Wednesday, March 19, 2014

Riggin' Chicken Brooder

Just before the very first official day of spring, it seems fitting we'd find ourselves prepping for some little spring peeps, don't you think? We'll be off to pick up our chicks just as soon as we get word that they're in from the post office (still can't believe I'm getting to do this now!), and the kids are so excited they've been doing "chicken shows" and some kind of manic "chicken dance" on and off for the past 24 hours.

The rest of the hours between No Peeps and When We Leave Go Get The Peeps have been filled thus far with activities and projects to make sure we have somewhere warm and safe for the girls to go once they come home.

We have feed. We have a feeder. We have a waterererer. We have a heat lamp and an infrared bulb. We have white wood shavings.

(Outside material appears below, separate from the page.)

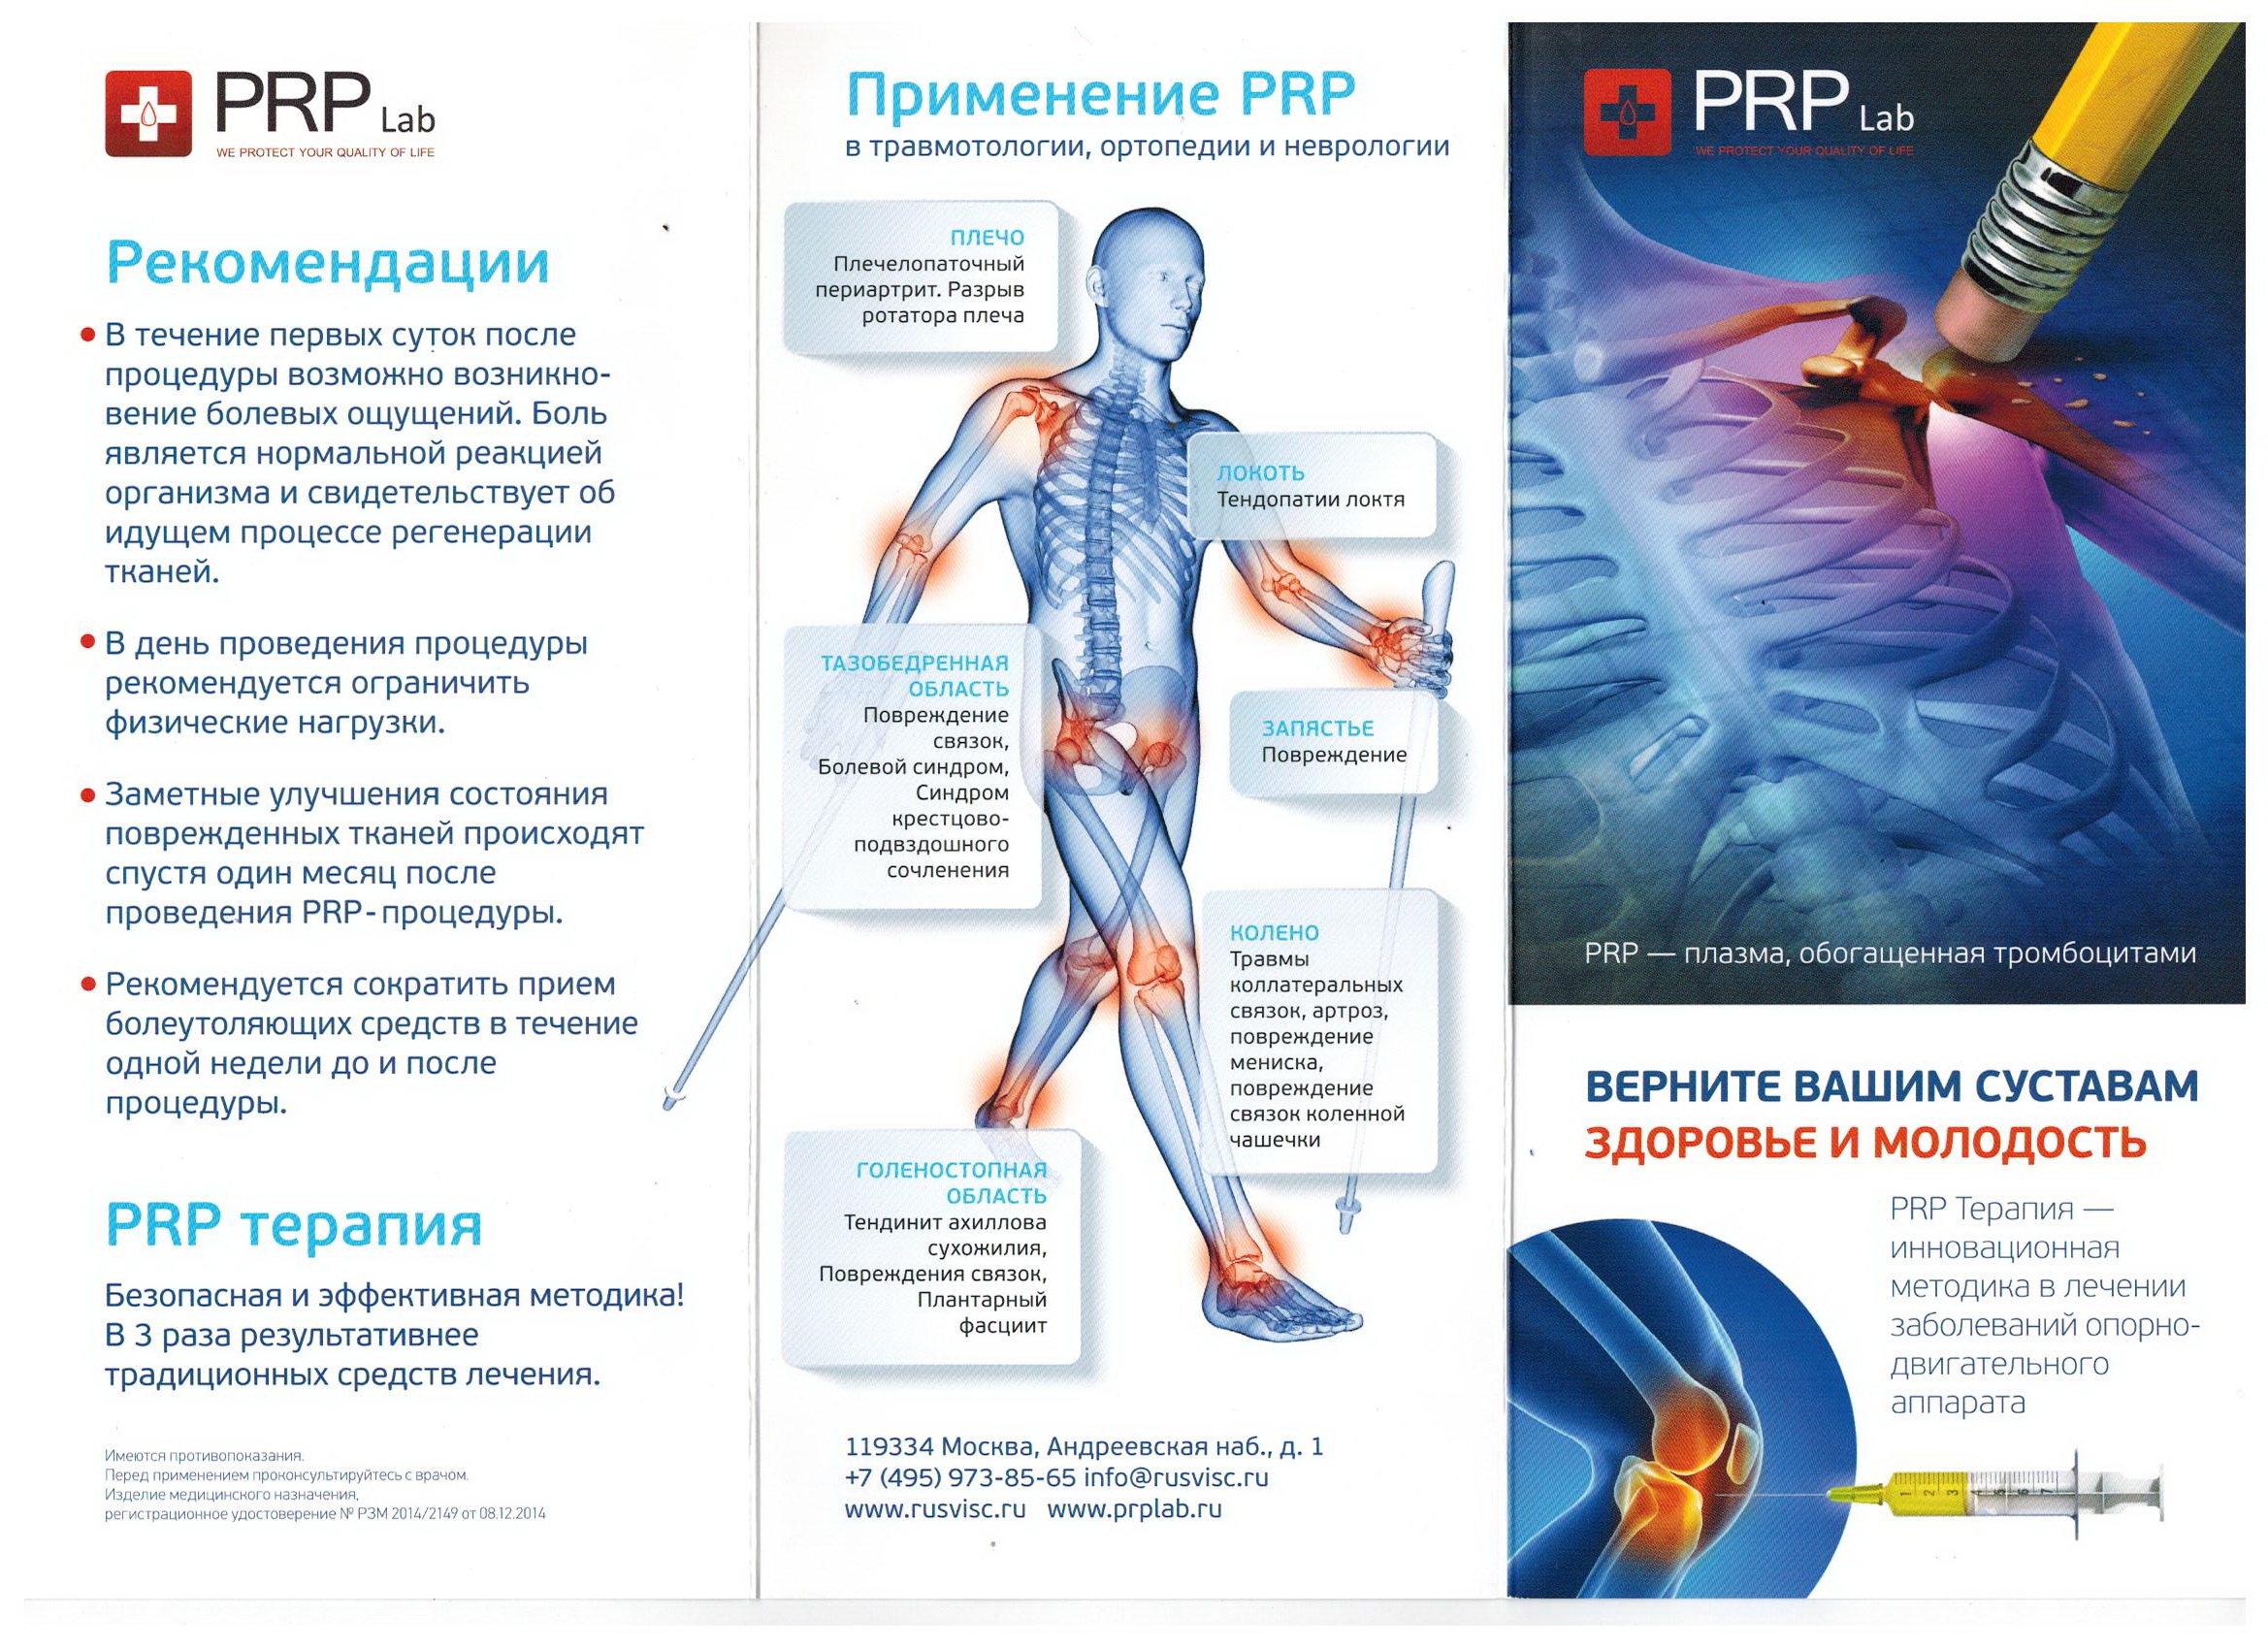 Плазмолифтинг колена отзывы. Плазмолифтинг PRP терапия коленного сустава. PRP терапия плазма в коленный сустав. Плазмотерапия суставов (PRP-терапия, плазмолифтинг). Плазмотерапия плазма коленного сустава.

And now we have a brooder.

Not a fancy-pants brooder, but a rigged one that I feel will do the trick- for $13- without a lot of fuss.

Here's what I used:

  • 1 18-gallon tote with latching lid
  • 1 scrap of 1/2" 19-gauge hardware cloth
  • lightweight wire (salvaged from one of the rolls of hardware cloth used in the coop)
  • Duck Tape

Here's what I did:

Wearing safety goggles, I cut just inside the recess of the lid all the way around (the hubs says the "saw" I used
was actually a grinder with the guard removed, so maybe here do as I say and not as I do).
I then removed the flap and tossed it in the recycling.
Next I drilled holes roughly 2" apart all around the remaining recess of the lid.
With tin snips, I cut the scrap of hardware cloth to size,
making sure it was larger than the recessed part of the lid
but smaller than the lid itself.
Using the salvaged wire I "sewed" the hardware cloth onto the lid,
using the holes I drilled (this is a view from the underside of the lid).
I finished the brooder box by putting Duck Tape around the rough edges of the hardware cloth (I chose to put
the hardware cloth on the outside of the lid instead of the underside because we have a house cat that will
inevitably find his way into the bathroom where the chicks will spend the next few weeks, and I didn't want his
weight on the screen to cause gaps he could reach through).

So there you have it, our rigged chick brooder. According to my various go-to chicken how-to resources, chicks need 6 square inches of space per bird in a brooder for the first 2-3 weeks, and a minimum of 1 square foot after that until they go out to the coop. Because they need their small brooder for such a short time and we're just starting out in this whole process, it felt wise to do something that didn't require a huge investment.

It seems there are 100 right ways to get a flock started, and after I have some experience under my belt I may figure out there are 100 better ways to go about it, but for now I'm feeling good about this project, and I'm looking forward to filling it up!